A place to start is perhaps
with a cognate Austronesian outpost many thousands of kilometers to the south and
east of the Mentawai Islands, another group of
islands known to the rest of the world as the Marquesas, but known to the
locals as Te Henua. In articulating the complexity of entanglements with the
world beyond the shorelines of Te Henua, the historian/ethnographer Greg Dening
(1980) formulated the metaphor of “islands and beaches” to
encapsulate a sense of the centrality of culture contact between indigenous and
European that occurred in this part of the world from the late 18th
century. He extends the argument to more than this the nature of the Pacific
generally can be thought of as a “total island world [where] every
islander has had to cross a beach to construct a new society. Across those
beaches every intrusive [or otherwise]
artefact,
material and cultural, has had to pass. Every living thing on an island has
been a traveler”. And in crossing the beaches that lead into the island
“every voyager has brought something old and made something new”

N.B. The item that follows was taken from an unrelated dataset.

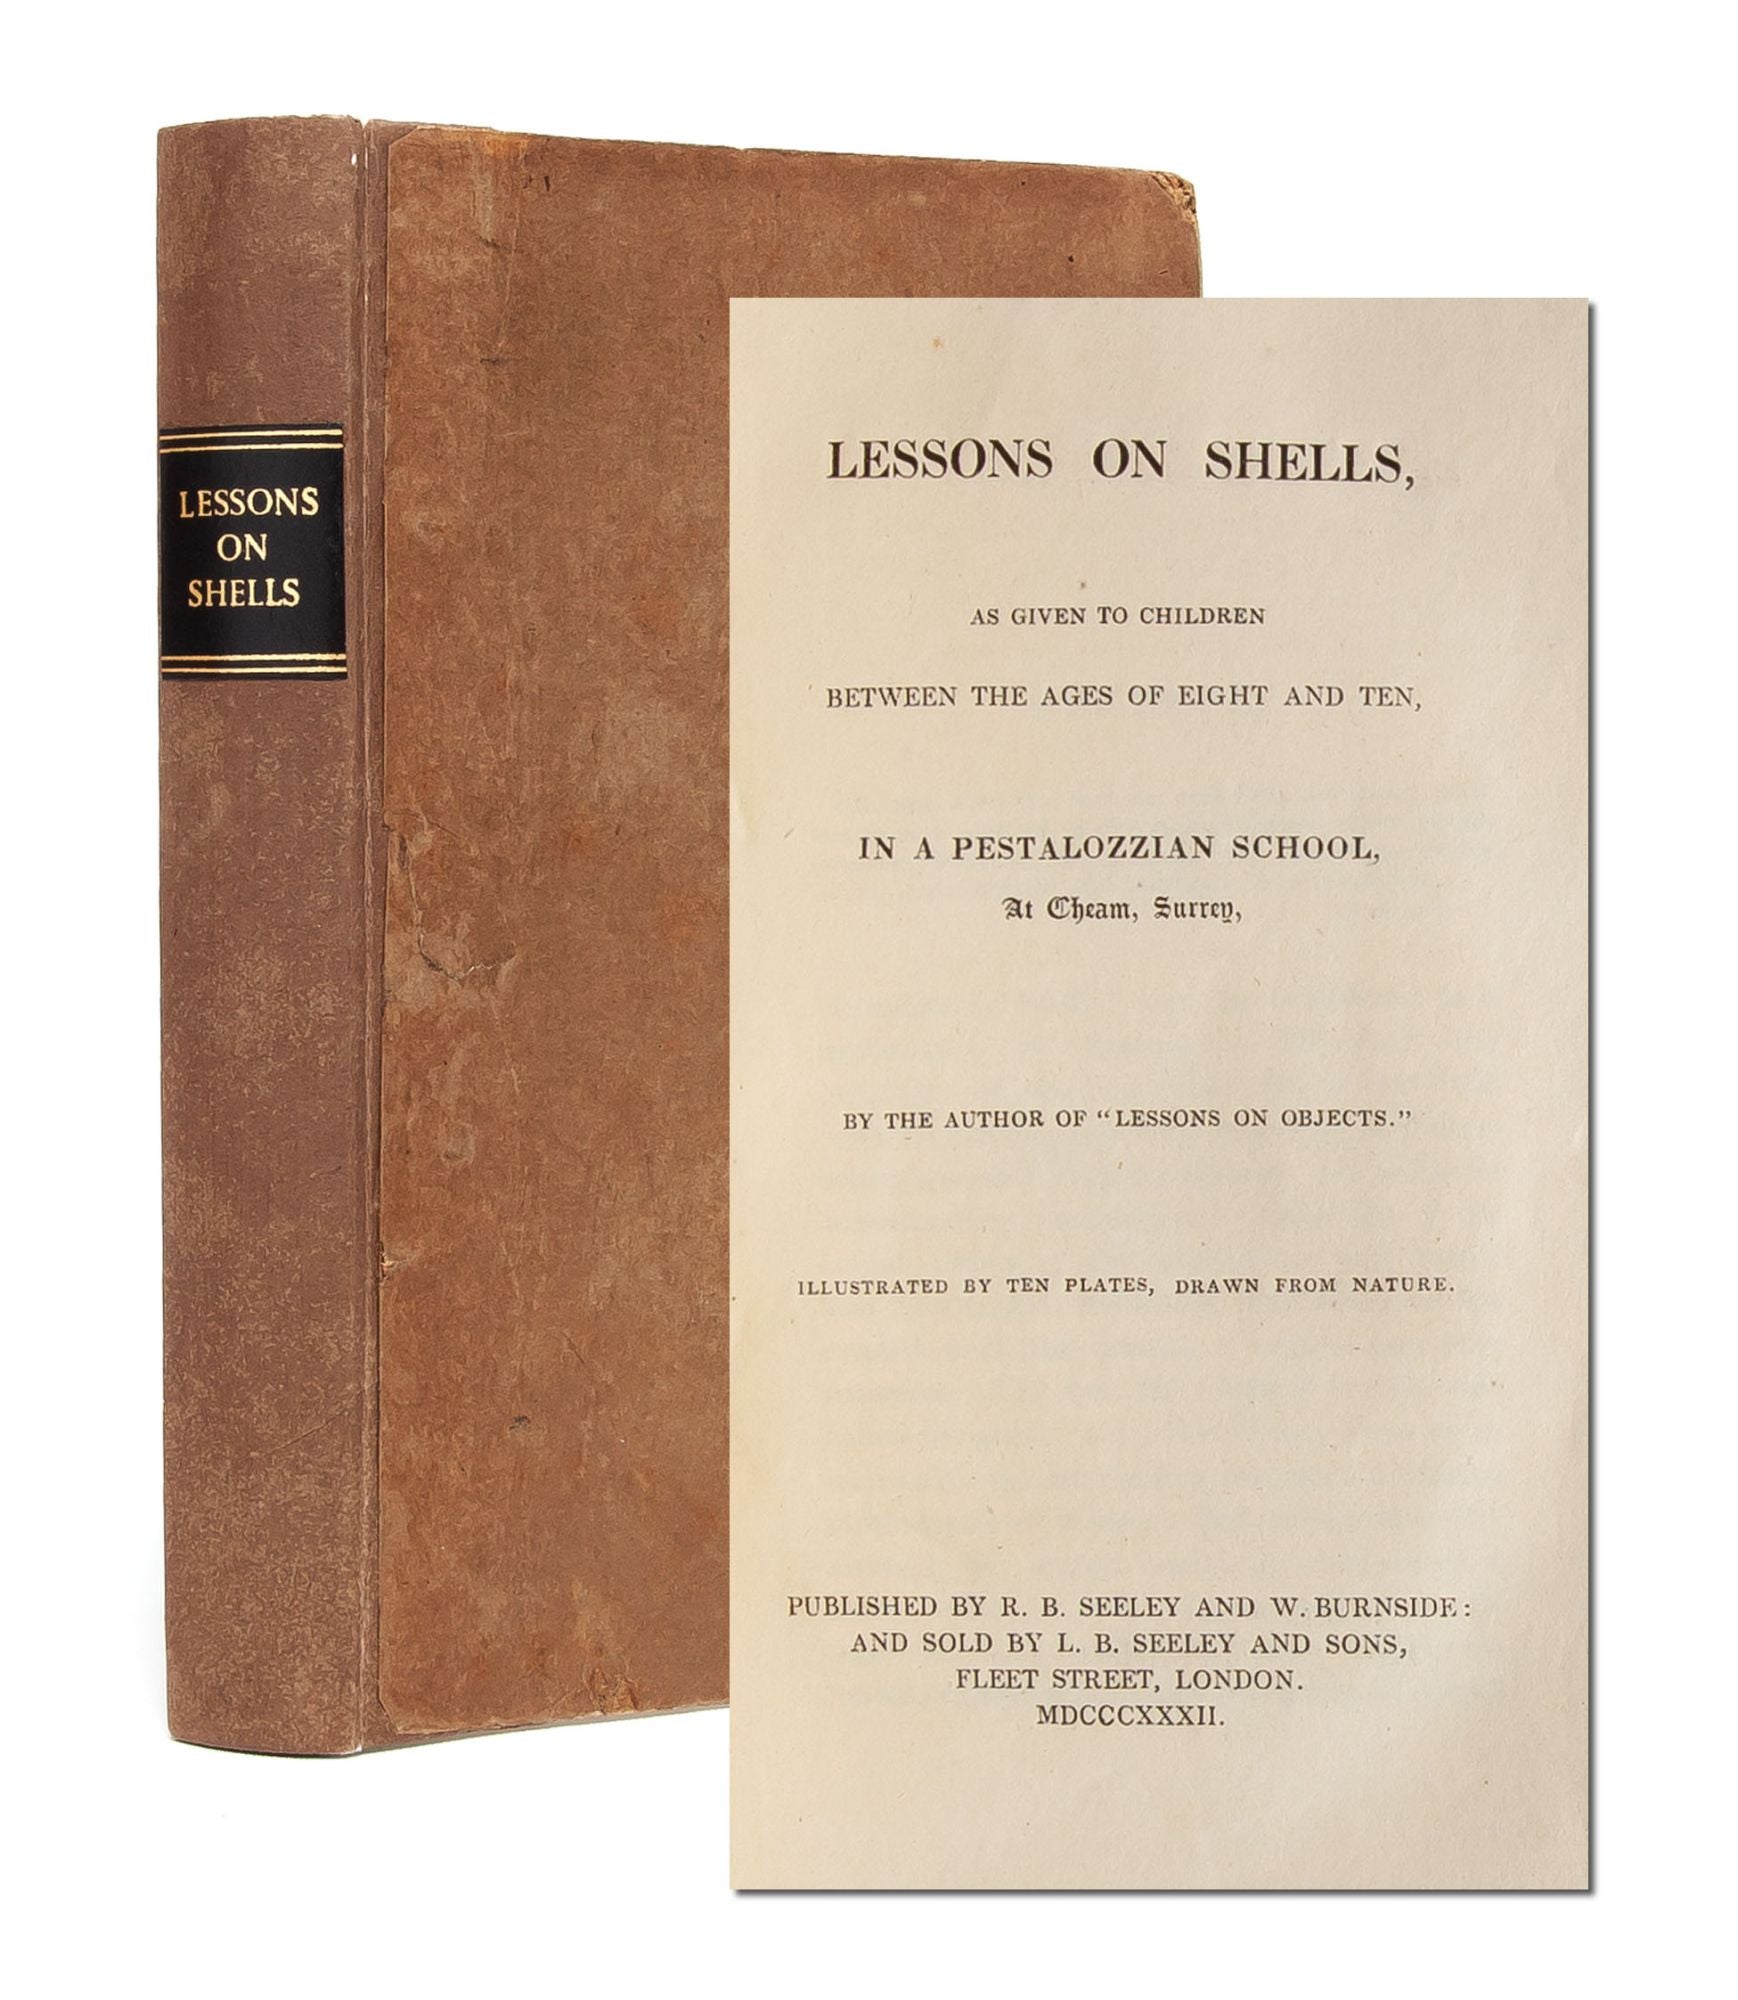 (Item #5503) Lessons on Shells, as Given to Children Between the Ages of Eight and Ten, in a Pestalozzian School. Women Citizen Scientists, Elizabeth Mayo.

(Dening 1980:31). The beach is thus a boundary or frontier of an island as it
interconnects with the sea and all that it brings. A focus upon it can
highlight generally the perpetual movements to and fro, from island to sea and
back again, in which movement and travel through, rather than rootedness in,
time and space is equally as important as the latter. The metaphor of islands
and beaches can, of course, be usefully applied to any oceanic or island
context, and is particular apt with regard to the Mentawai Islands. It
fundamentally concerns, of course, the issue of travel, without which beaches
cannot be crossed.
This premise of the central
importance of travel and movement in human affairs, of the routes
through which humans have inscribed their existence upon the globe rather than
the roots that would define human sociality in terms of fixed positions
in time and space, has been recently explored by James Clifford (1997).
Clifford takes issue with the grounding metaphor or assumption upon which
ethnography as a practice and the consideration of “culture” has
proceeded, namely that it has been fixedness to a region in time-space rather
than movement through it which has defined the units of analysis.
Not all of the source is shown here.